# New slingshot pouch design and clothes pin trigger - Boynton-Butterfly



## boyntonstu (Jul 16, 2010)

New slingshot pouch design and clothes pin trigger - Boynton-Butterfly

The pouch and the nylon cord weigh a total of 34 grains (2.2 g).

I used a pointy soldering iron to make the tiny holes in the leather.

The "Close pin" is an evolution of trying to strengthen my grip on the pouch.

I was deigning for just an assist that would help my fingers grasp the pouch.

I can get it that way with weaker rubber bands.

Just hold it until ready to shoot and release pressure.

I can do it either way.

Incidentally, I do not hold the trigger against the stretched rubber force.

The ledge below the trigger rests on the friction slider part of the Boynton-Butterfly. I do not need to hold it.


----------



## whipcrackdeadbunny (May 22, 2010)

Very nice.


----------



## Bill Hays (Aug 9, 2010)

I've covered this before... you might try out a simpler way of doing it by just slightly modifying a pony clamp/spring clamp. It works great for an arthritic hand or a weakened pinch grip.

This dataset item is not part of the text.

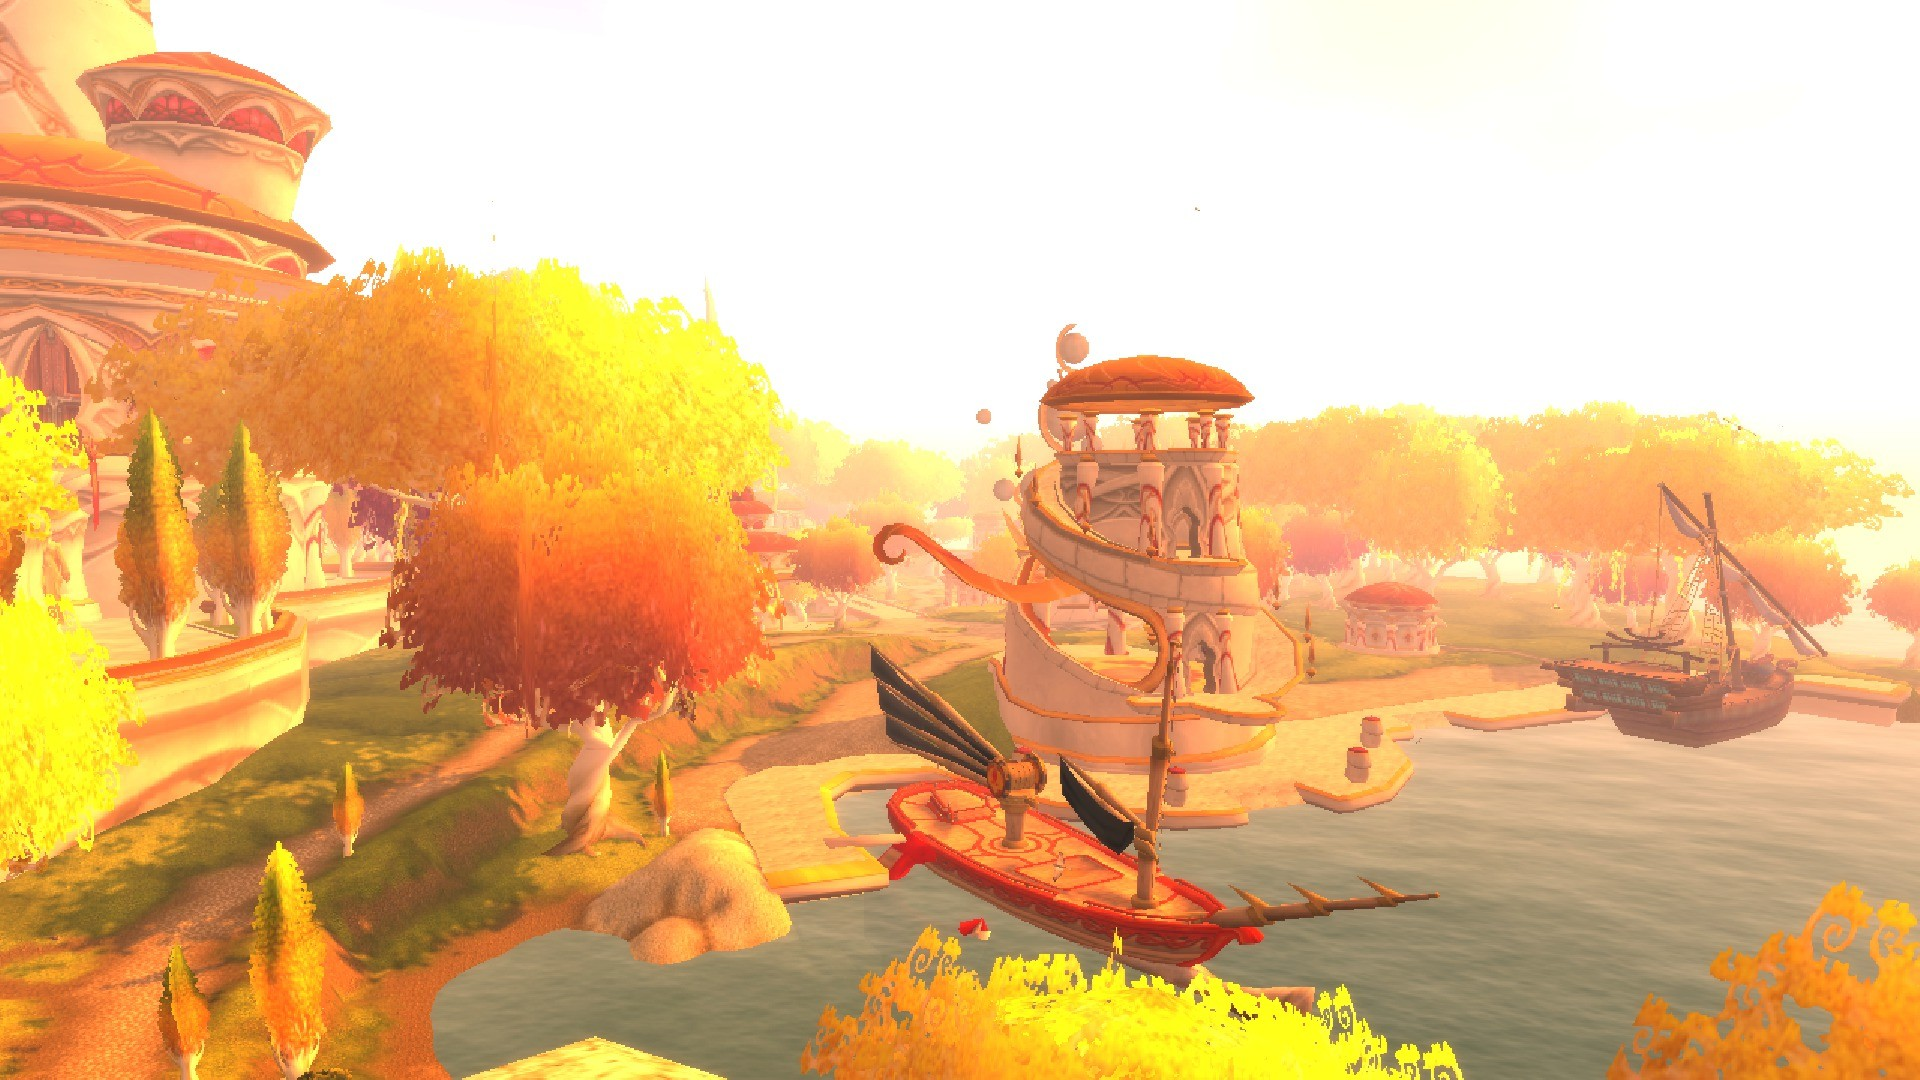 "alt=""world of warcraft story so far isle of queldanas scenery""/>"

With a pair of strong pliers, flatten the ends, then bend them slightly in this shape:









The pony clamp holds the ammo and pouch thus:


----------



## boyntonstu (Jul 16, 2010)

When I use a single rubber band, it takes just a few ounces of finger force to hold the pouch.

To shoot, I just relax and let the rubber pull it through.

The wood "pouch" can be shaped to closely fit the leather pouch containing the sphere.

With a spring clamp you have to squeeze it open to insert the pouch, and squeeze it again to shoot.

With the open ended wooden clothes pin design you can slip it in from the side.

Not shown is how the block below, is held by the movable friction bar.

(It took 20 minutes to make).


----------